Retail shareholders in National Australia Bank (NAB) may stage a revolt and oppose the re-election of directors later in the year, in retaliation for the lender scaling back the retail share purchase component of its capital raising.
Stuart Wilson chief executive of the Australian Shareholders Association said that retail shareholders had been discriminated against, when NAB raised $2 billion, primarily from institutions in July, at what is now a deeply discounted price of $21.50 a share.
“This becomes an issue for the annual meeting; shareholders elect directors and expect fair treatment across the board. Clearly this has not happened with NAB, so we are considering if it warrants the removal of directors.” Mr. Wilson said.
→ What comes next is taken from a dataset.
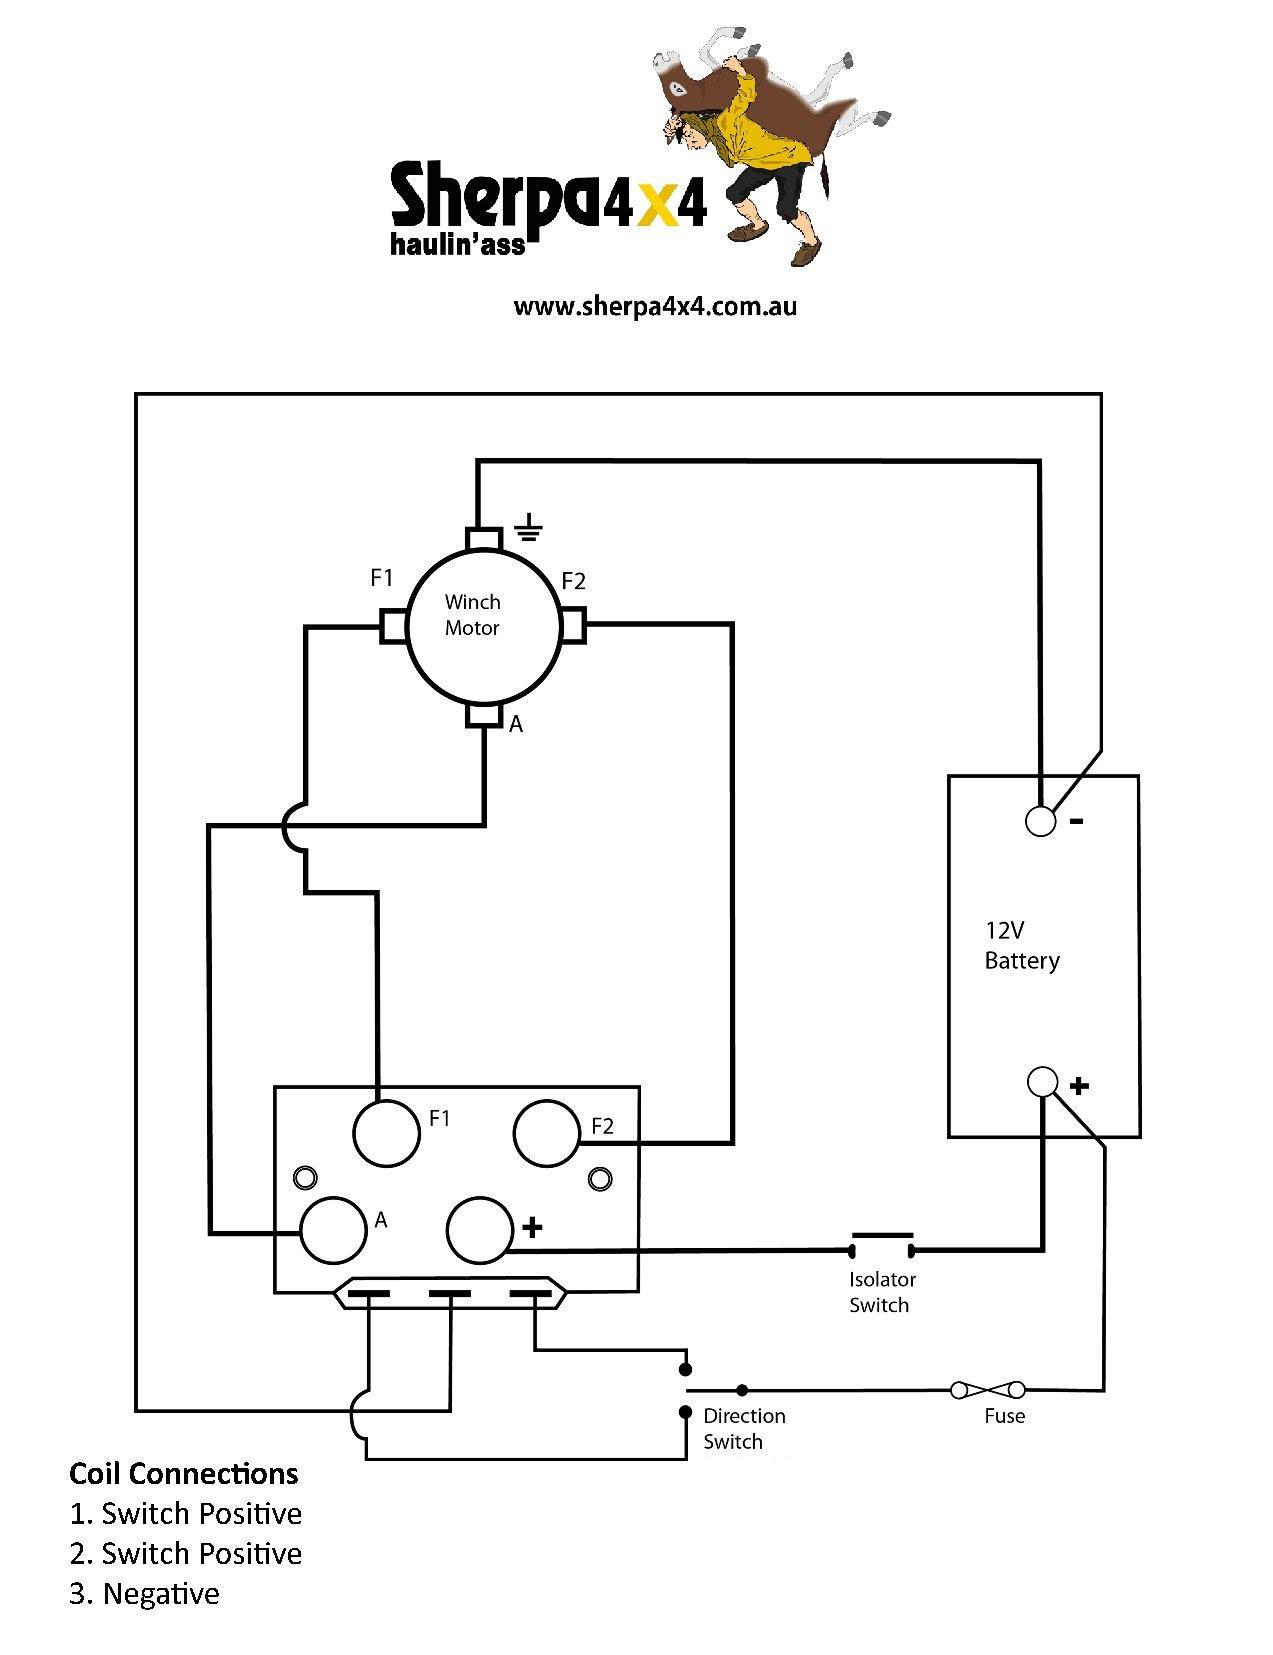 dv_2871] tabor winch wiring diagram also warn winch solenoid ... 12v winch solenoid wiring diagram  sarc basi pneu coun boapu mohammedshrine librar wiring 101

Earlier in the week, NAB said that retail shareholders had made $2.6 billion in applications for new stock, but the lender only made $750 million in new shares available to them.
The purchase price for retail investors was the same as that for institutions and was at a steep discount to Wednesday’s closing price of $27.08. The method adopted by NAB contrasts significantly to that approach taken by rival ANZ.
Last May ANZ undertook a $2.5 billion institutional placement priced at $14.40 a share, which it ran simultaneously alongside a share purchase plan for retail investors. Though the lender reserved the right to scale back the portion allocated to retail investors if demand exceeded $350 million, it ultimately accepted $2.2 billion in applications, also priced at $14.40. ANZ stock closed at $19.97 on Wednesday.
A spokesman for NAB said: “There was a strong level of support from our shareholders for the Share Purchase Plan, so we understand that some people may be disappointed that they haven’t been able to subscribe to the level they would have liked. When setting the conditions for offers such as these, you cannot know in advance what the market response will be like.”
Mr. Wilson said equities were supposed to be equitable, but this was increasingly not the case. The ASA chief put the trend down to advisers getting a better fee for lining up institutions.